# Health insurance re residencia



## McArthur (Apr 5, 2021)

Hi I'm applying for Spanish residency and will need to have health care insurance. Does anyone know of a reputable company that also operates an English speaking service at a reasonable price. I am 70yrs old.

Look forward to hearing from you. 

Thanks


----------



## xicoalc (Apr 20, 2010)

McArthur said:


> Hi I'm applying for Spanish residency and will need to have health care insurance. Does anyone know of a reputable company that also operates an English speaking service at a reasonable price. I am 70yrs old.
> 
> Look forward to hearing from you.
> 
> Thanks


I can only speak from experience. But i am currently with sanitas (for 7 or 8 years) and cannot rate them highly enough. Before i wss with adeslas and equally were very good. I only changed because of a deal with my husbands work that cut our bill by 50 %

Adeslas amd sanitas are the two biggest and once you're in, you're protected


----------



## xabiaxica (Jun 23, 2009)

McArthur said:


> Hi I'm applying for Spanish residency and will need to have health care insurance. Does anyone know of a reputable company that also operates an English speaking service at a reasonable price. I am 70yrs old.
> 
> Look forward to hearing from you.
> 
> Thanks


If you are in receipt of a UK state pension (I'm going by your UK flag), you qualify for an S1 for your healthcare, though I don't know how that will work for a visa. 

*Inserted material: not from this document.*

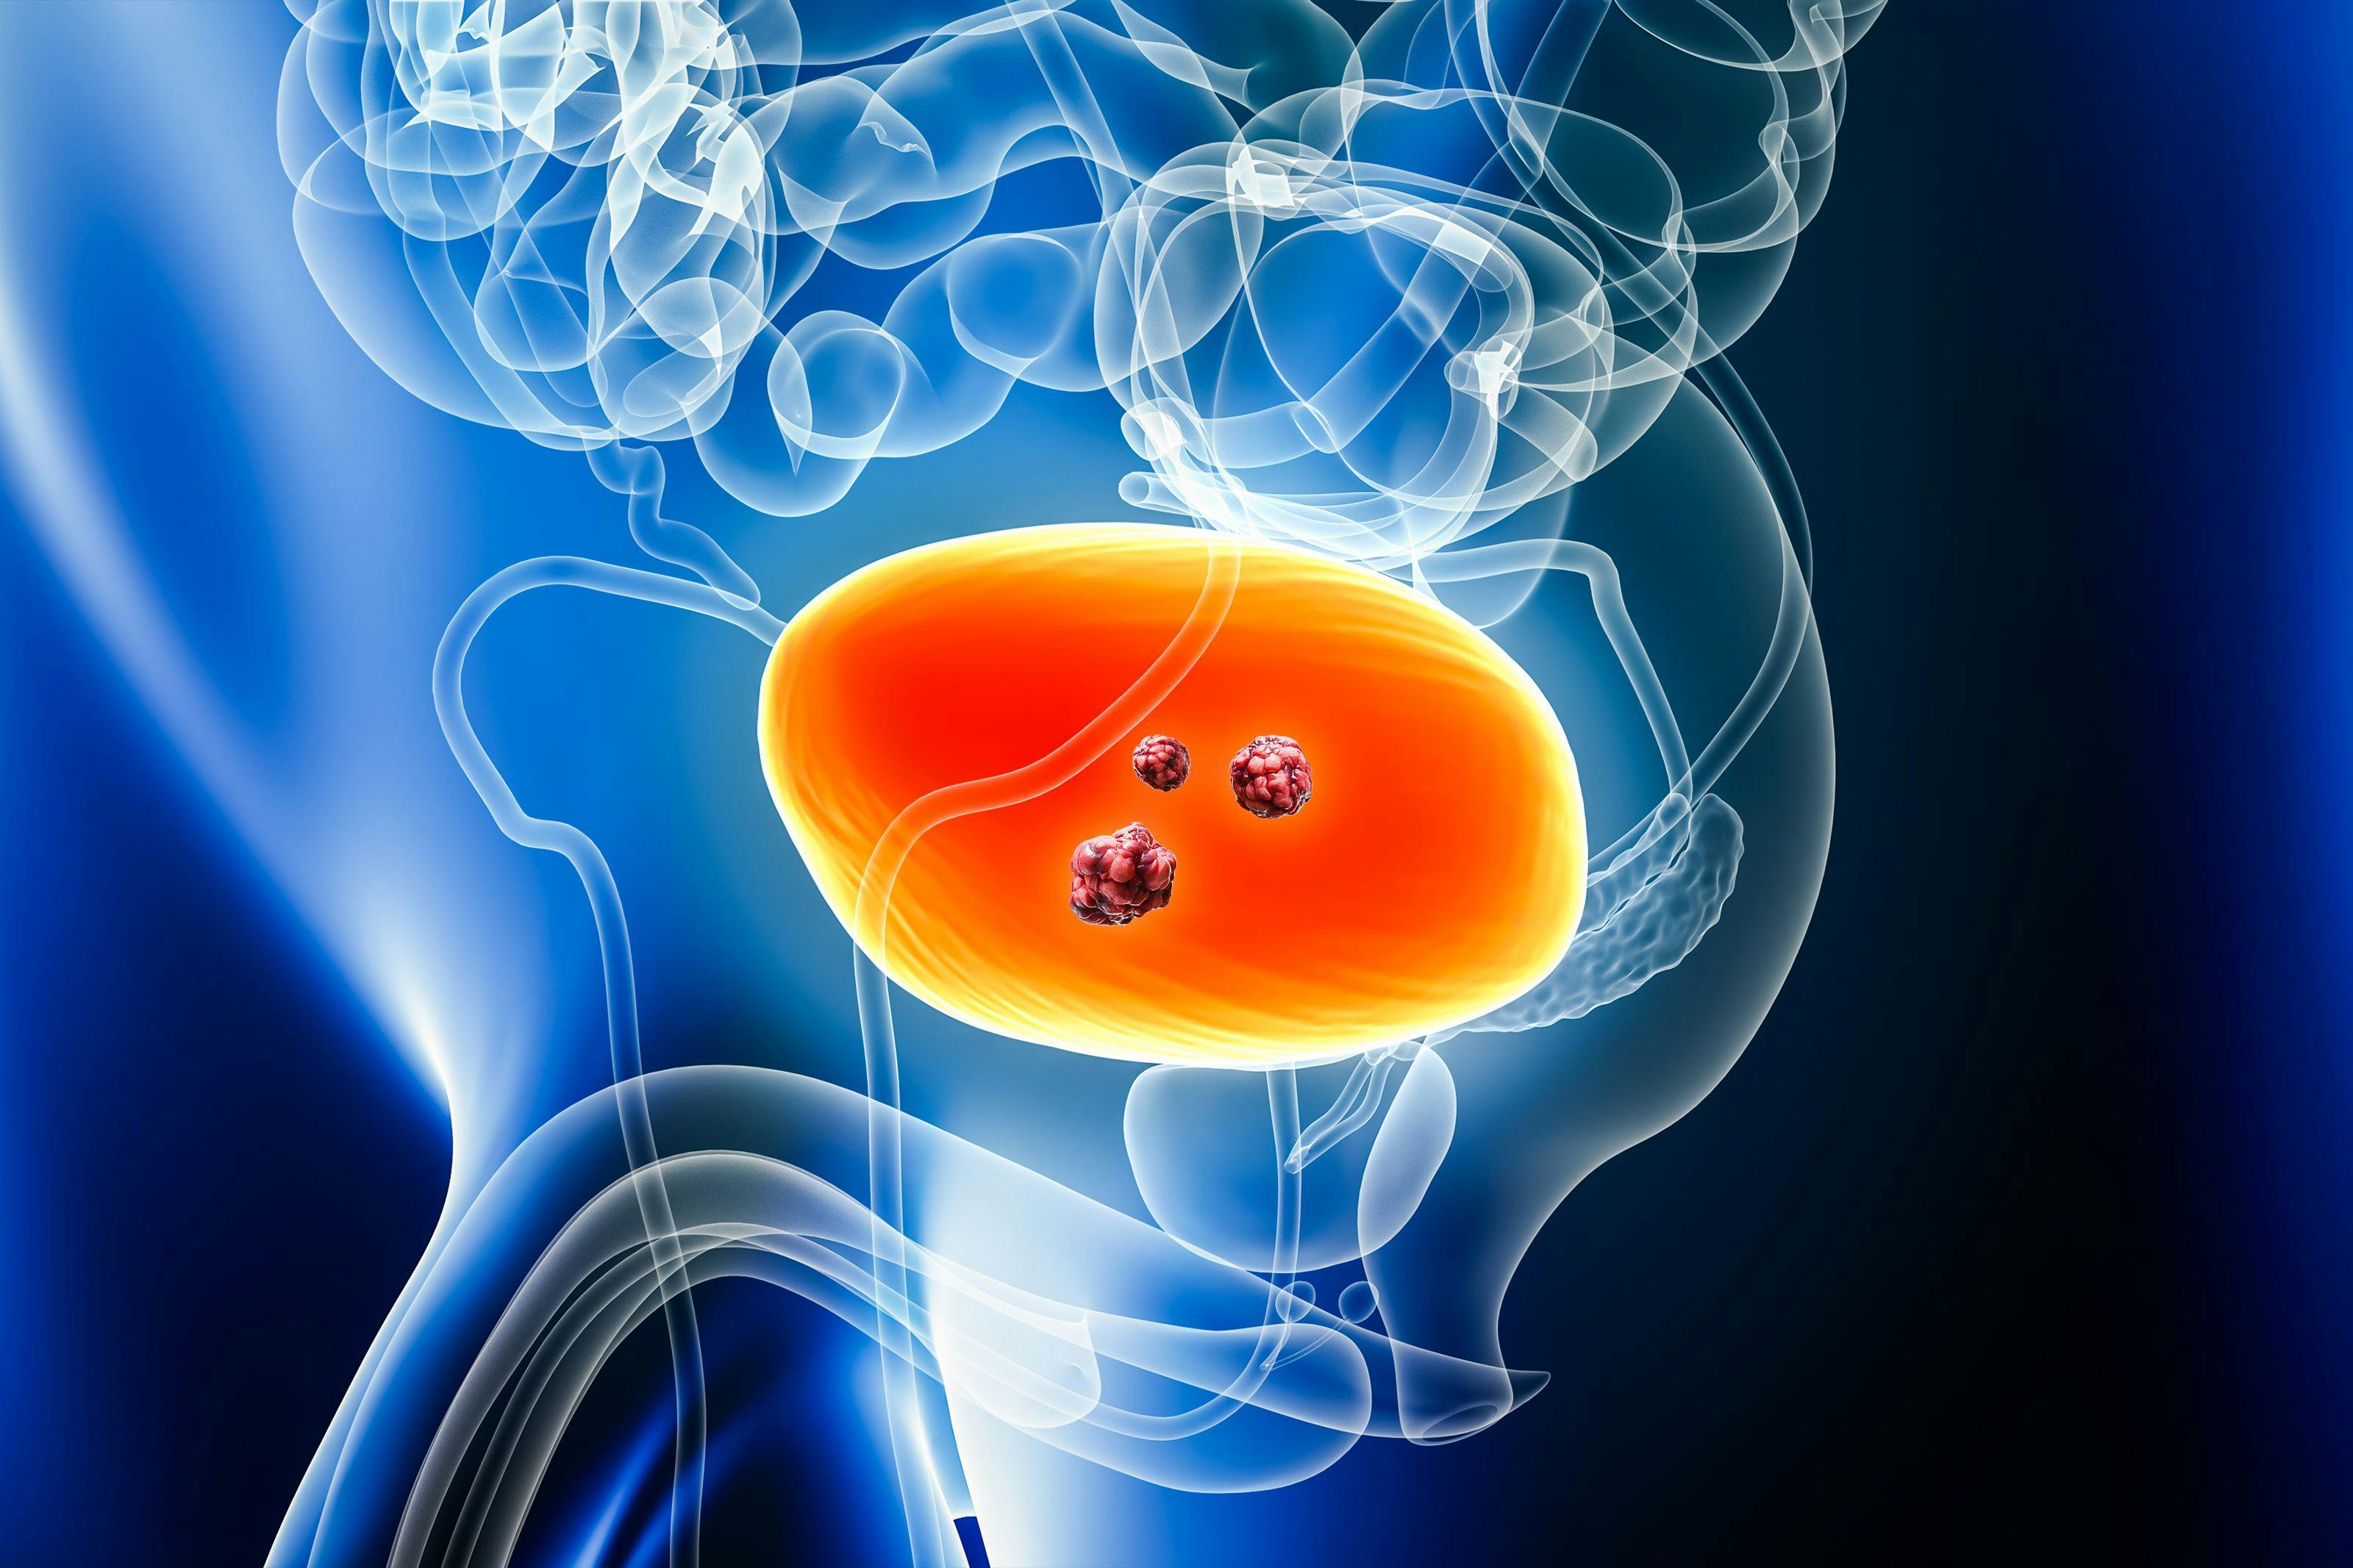 Urinary bladder cancer with organs and tumors or cancerous cells 3D rendering illustration with male body. Anatomy, oncology, biomedical, disease, medical, biology, science, healthcare concepts. | Image Credt: © Matthieu -  [stock.adobe.com]

Or did you already live here pre - December 2020 & are applyimg for a TIE under the WA? Again, I'm taking your flag to mean that you're British. 

Mind you, we're hearing of LOTS of refusals for not having healthcare in place before the end of 2020.


----------



## McArthur (Apr 5, 2021)

The reality is that i have a house in Spain. Pre Brexit there wasn't a problem. Whilst I have no real intention of making Spain permanent at the moment, I'm keen to have the choice of not been restricted to 90days per annum. So I'm looking for a reasonably priced health care policy in order to comply with the demands of the authorities. I am been advised by a local lawyer. So I'm just try to find a reasonable way to meet the requirements.


----------



## xicoalc (Apr 20, 2010)

McArthur said:


> The reality is that i have a house in Spain. Pre Brexit there wasn't a problem. Whilst I have no real intention of making Spain permanent at the moment, I'm keen to have the choice of not been restricted to 90days per annum. So I'm looking for a reasonably priced health care policy in order to comply with the demands of the authorities. I am been advised by a local lawyer. So I'm just try to find a reasonable way to meet the requirements.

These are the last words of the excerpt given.